-------- Data block --------

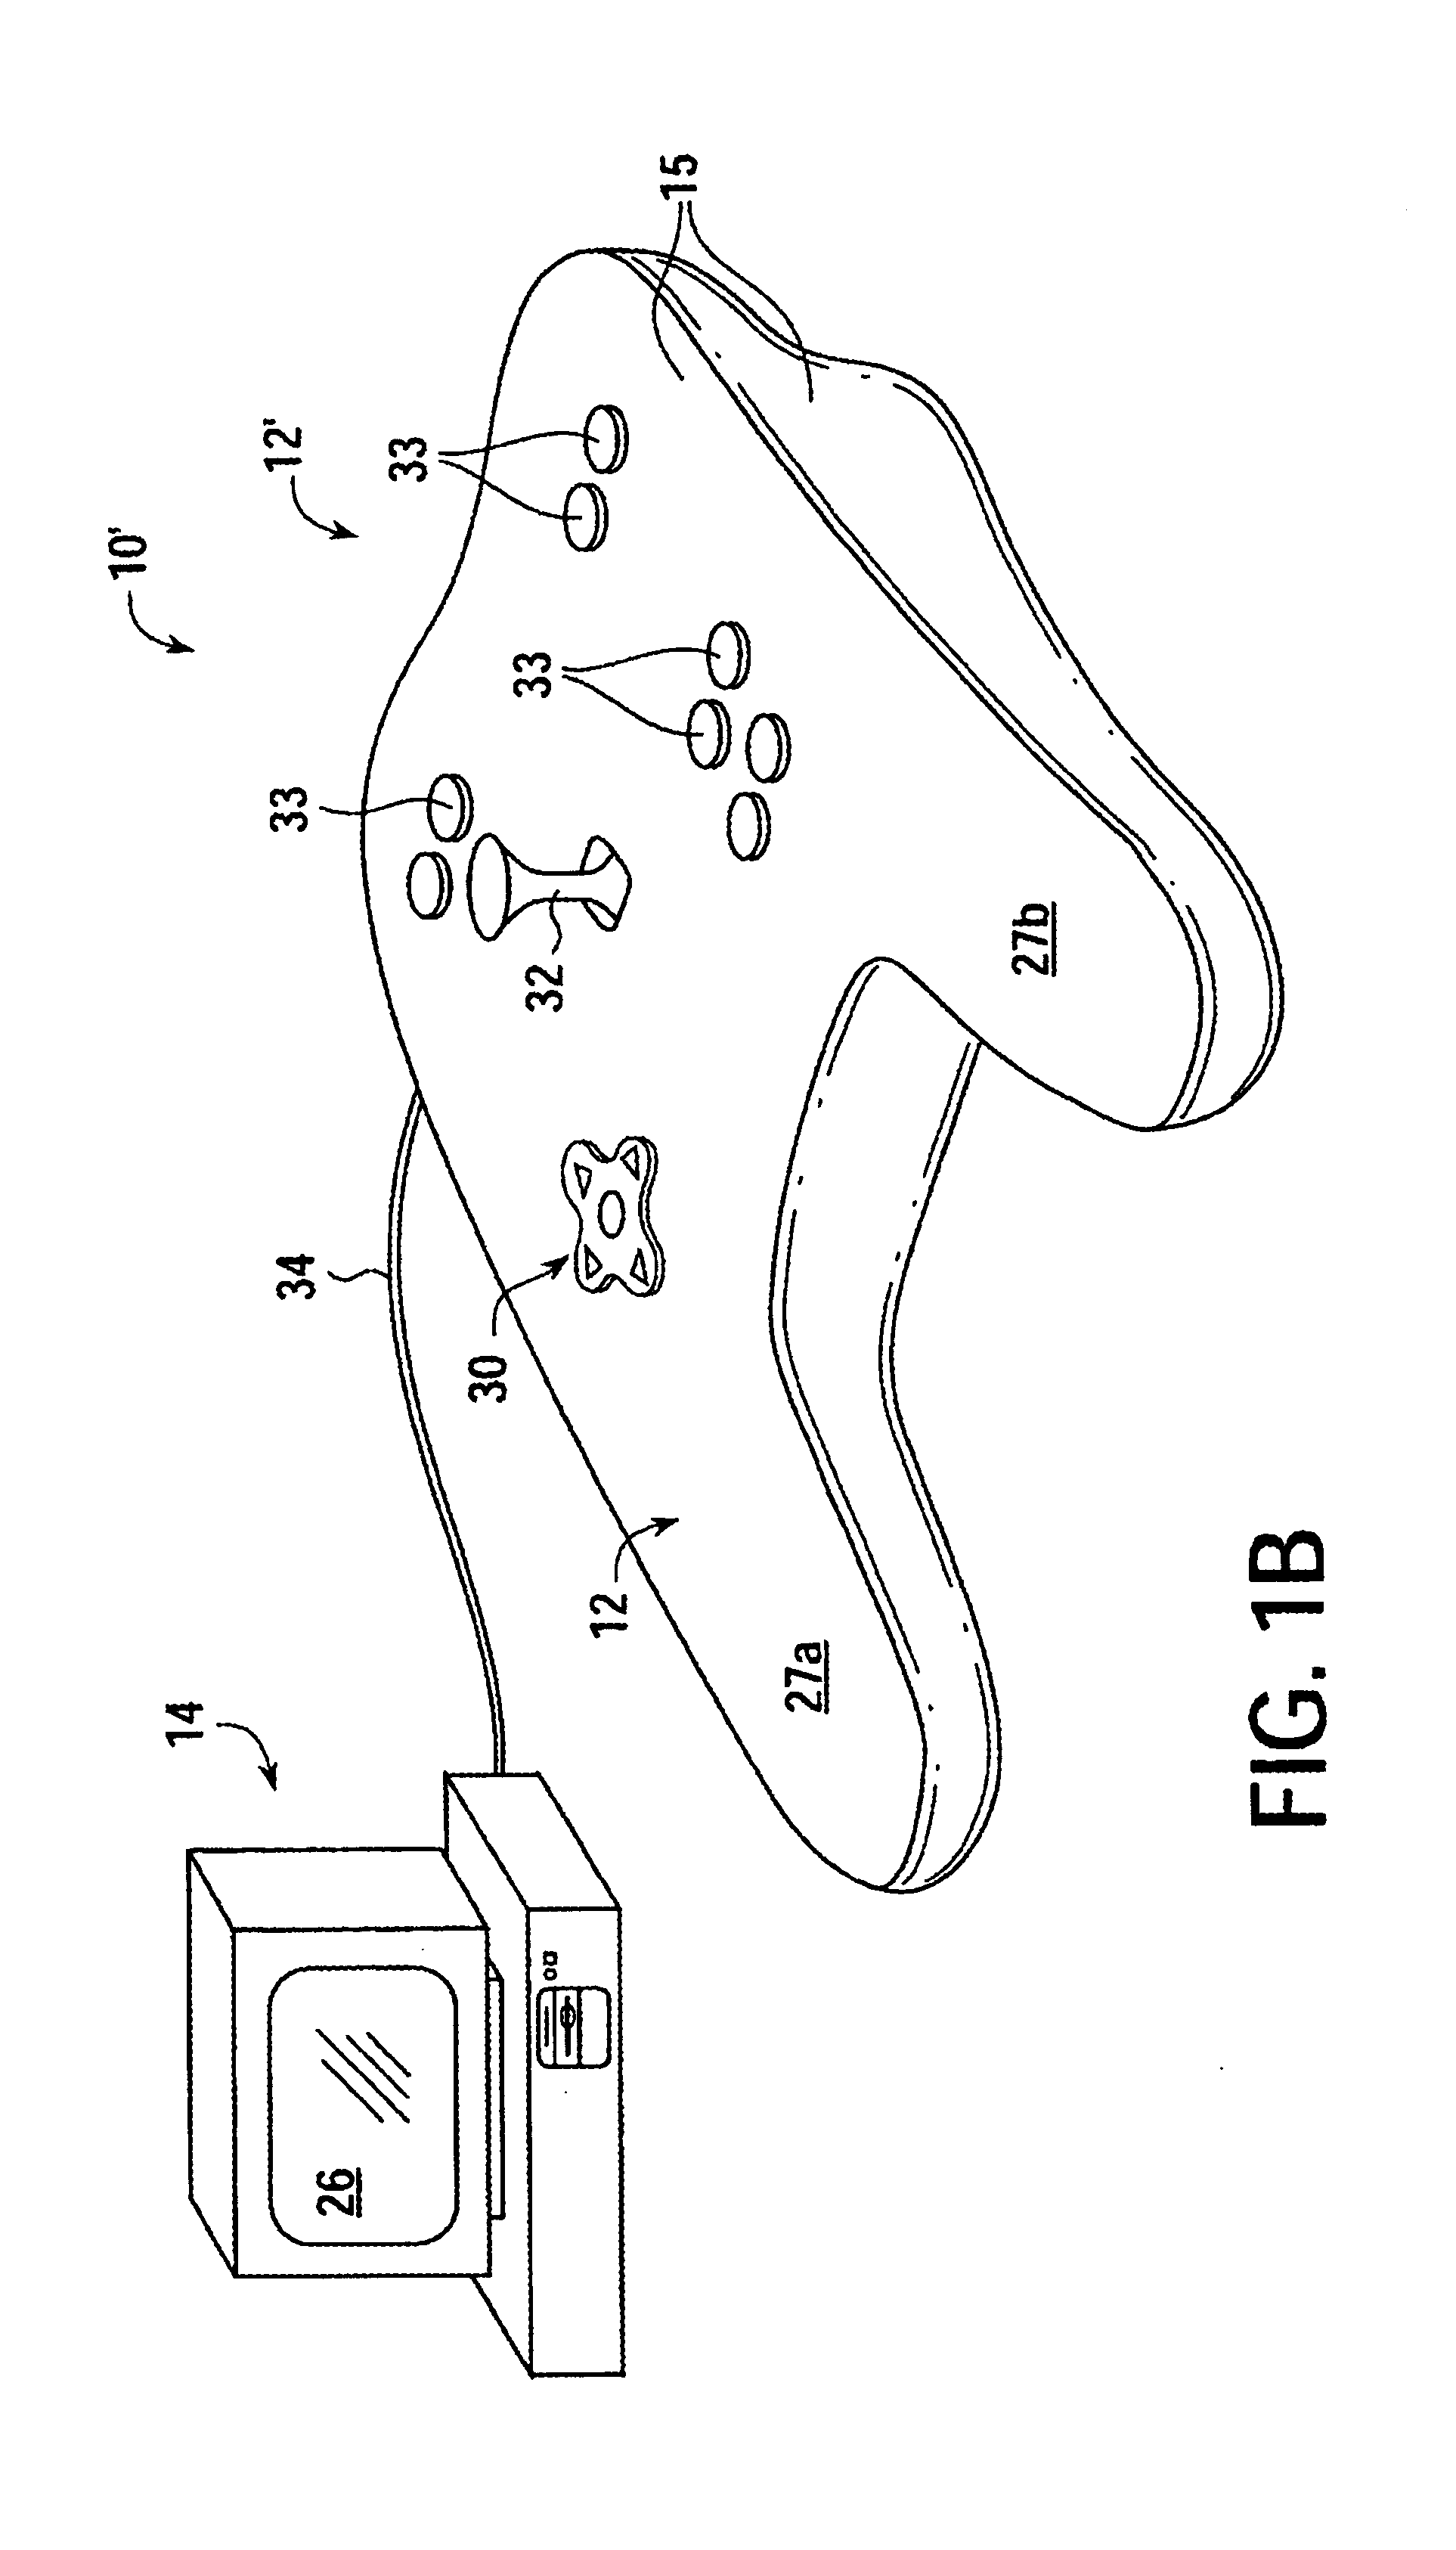 Actuator for providing tactile sensations and device for directional tactile sensations
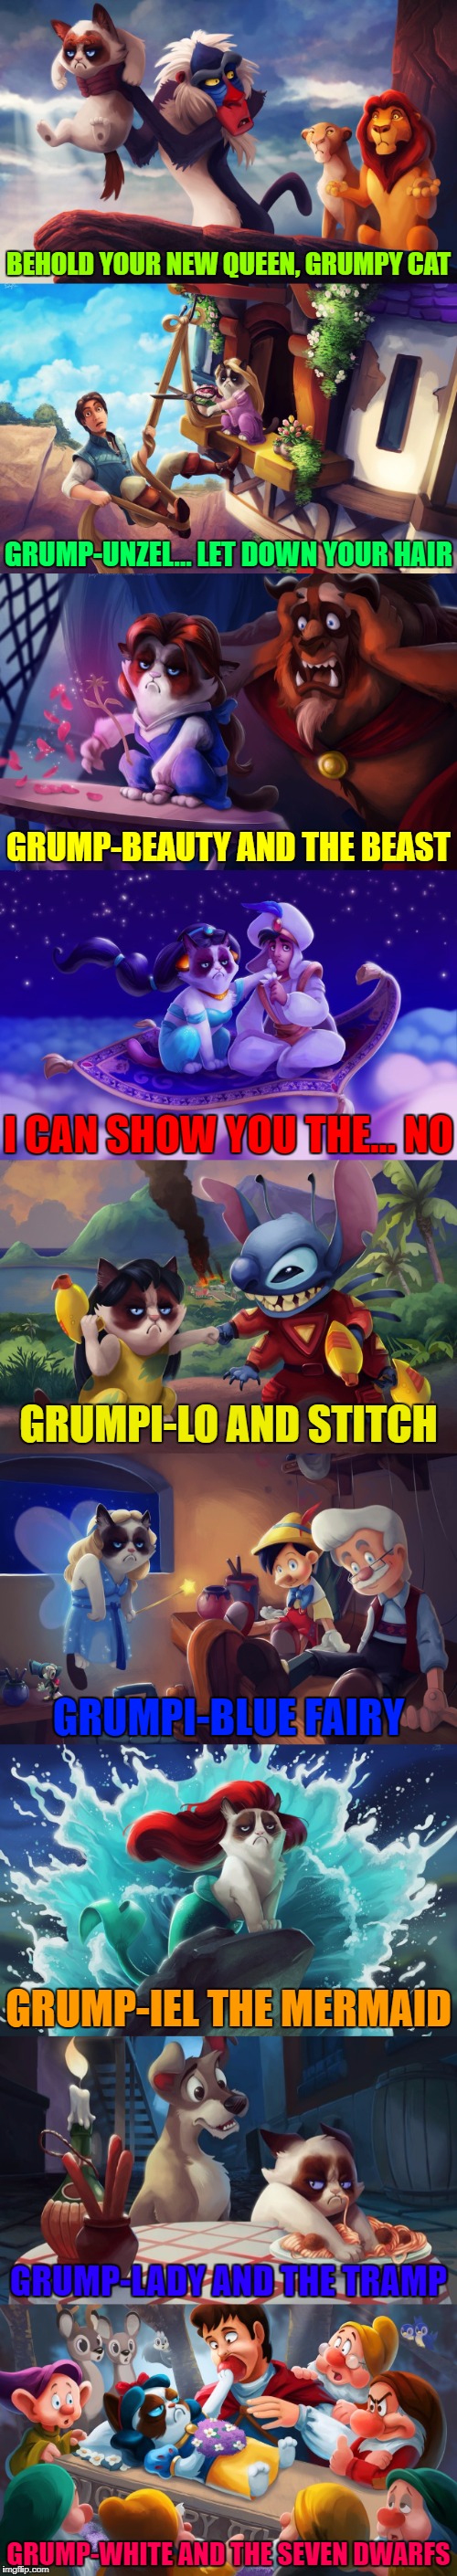 Grumpy Cat Presented By Dis-No! ≧^◡^≦ | BEHOLD YOUR NEW QUEEN, GRUMPY CAT; GRUMP-UNZEL... LET DOWN YOUR HAIR; GRUMP-BEAUTY AND THE BEAST; I CAN SHOW YOU THE... NO; GRUMPI-LO AND STITCH; GRUMPI-BLUE FAIRY; GRUMP-IEL THE MERMAID; GRUMP-LADY AND THE TRAMP; GRUMP-WHITE AND THE SEVEN DWARFS | image tagged in memes,grumpy cat disney,tsaoshin deviant art creation,google images,disney,craziness_all_the_way | made w/ Imgflip meme maker
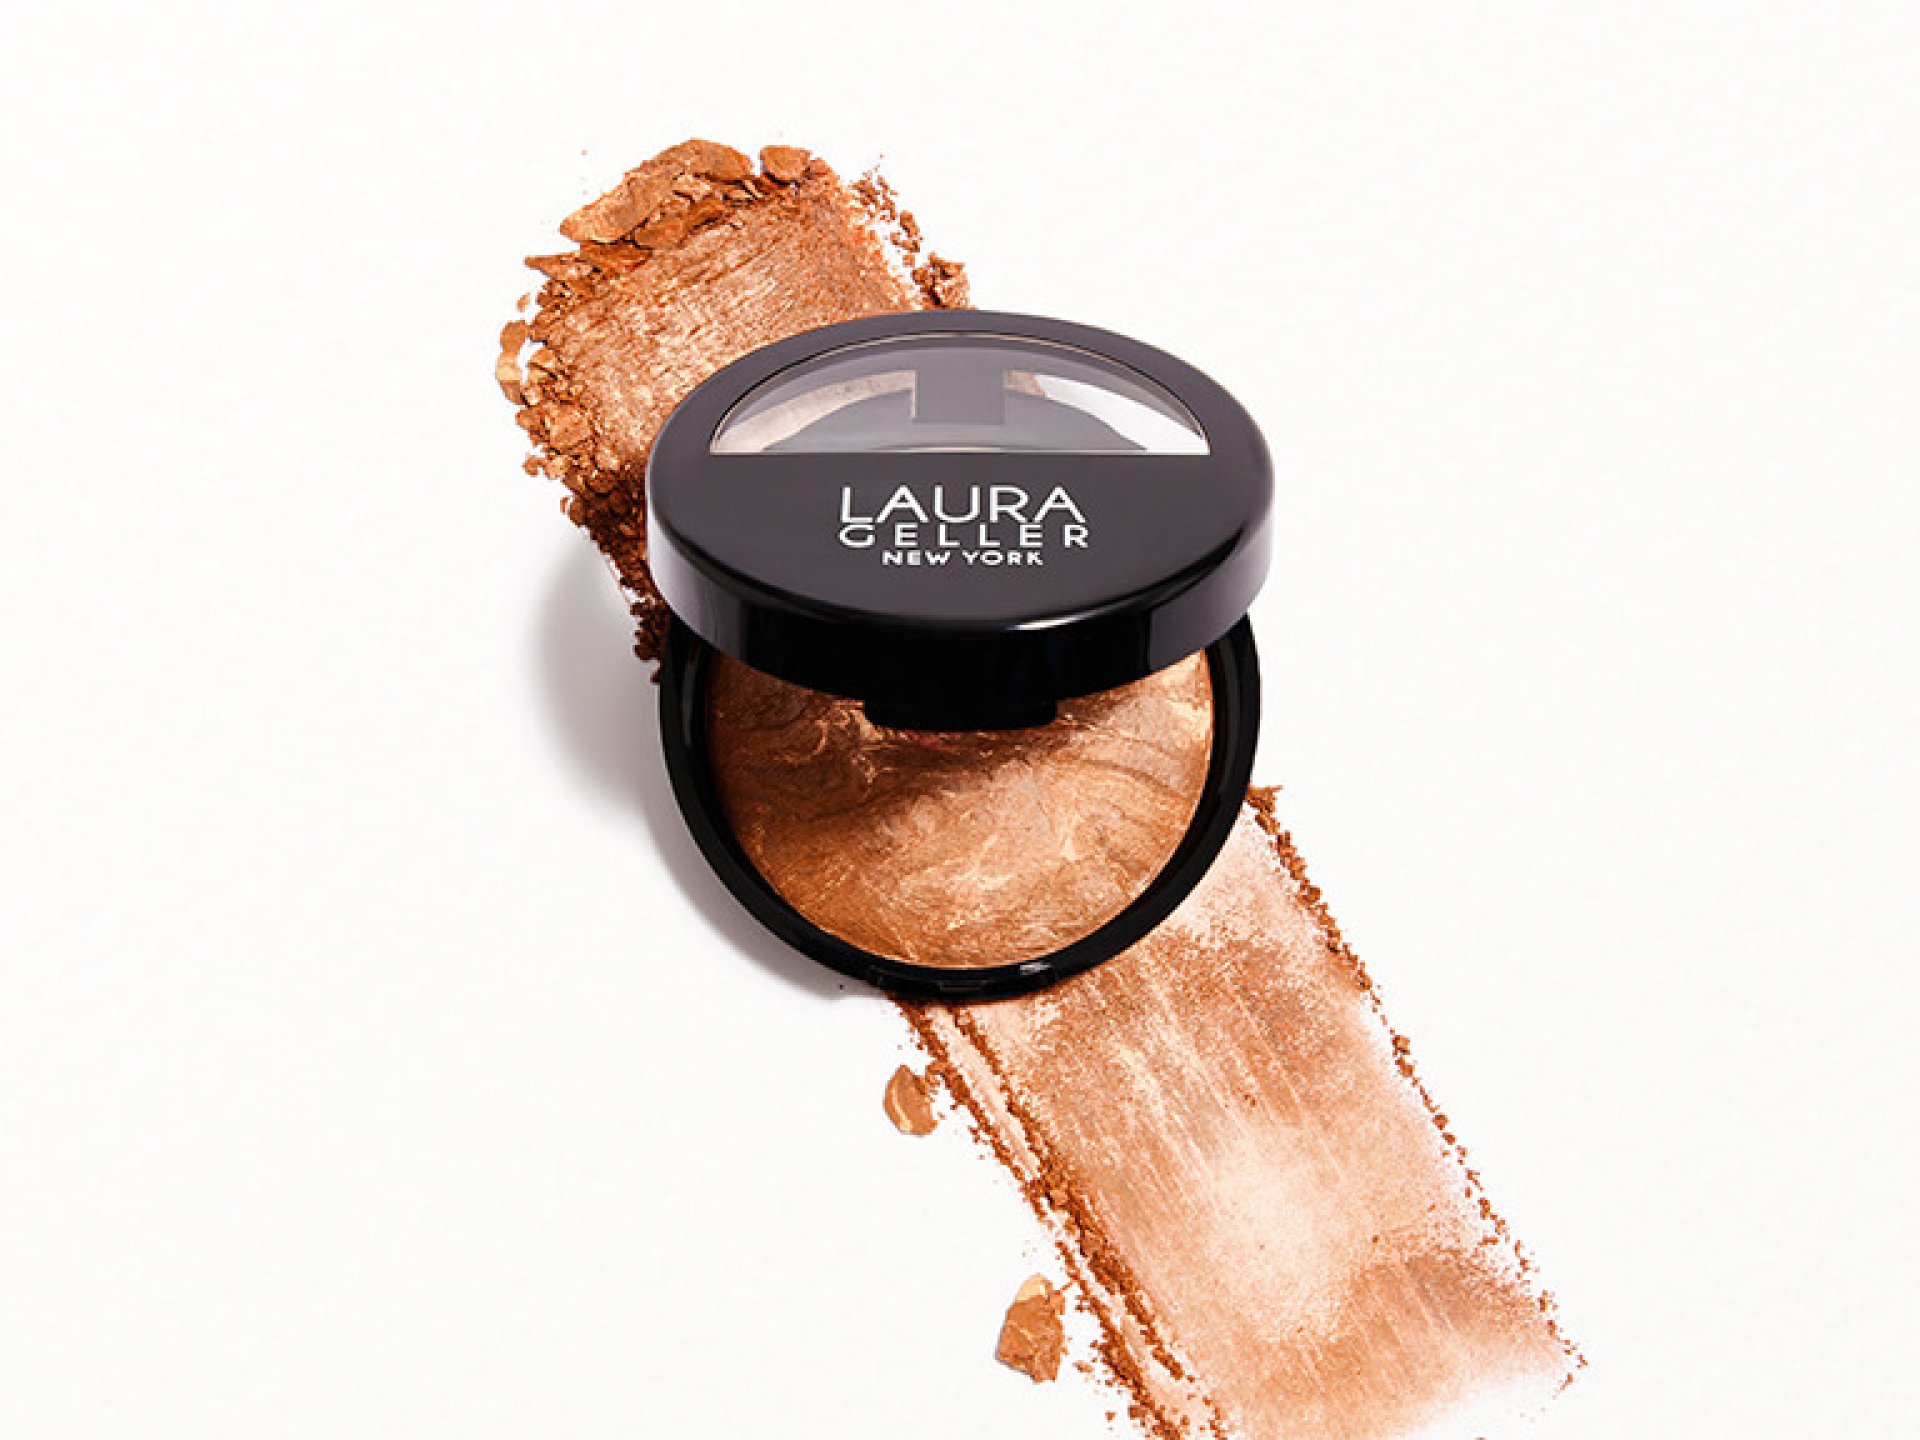 LAURA GELLER Baked Balance-n-Brighten Color Correcting Foundation in Toffee

--------

**Task item**
Write the data above out again exactly, minus its pictures.

**Reply to the task**
 Actuator for providing tactile sensations and device for directional tactile sensations
 Grumpy Cat Presented By Dis-No! ≧^◡^≦ | BEHOLD YOUR NEW QUEEN, GRUMPY CAT; GRUMP-UNZEL... LET DOWN YOUR HAIR; GRUMP-BEAUTY AND THE BEAST; I CAN SHOW YOU THE... NO; GRUMPI-LO AND STITCH; GRUMPI-BLUE FAIRY; GRUMP-IEL THE MERMAID; GRUMP-LADY AND THE TRAMP; GRUMP-WHITE AND THE SEVEN DWARFS | image tagged in memes,grumpy cat disney,tsaoshin deviant art creation,google images,disney,craziness_all_the_way | made w/ Imgflip meme maker
 LAURA GELLER Baked Balance-n-Brighten Color Correcting Foundation in Toffee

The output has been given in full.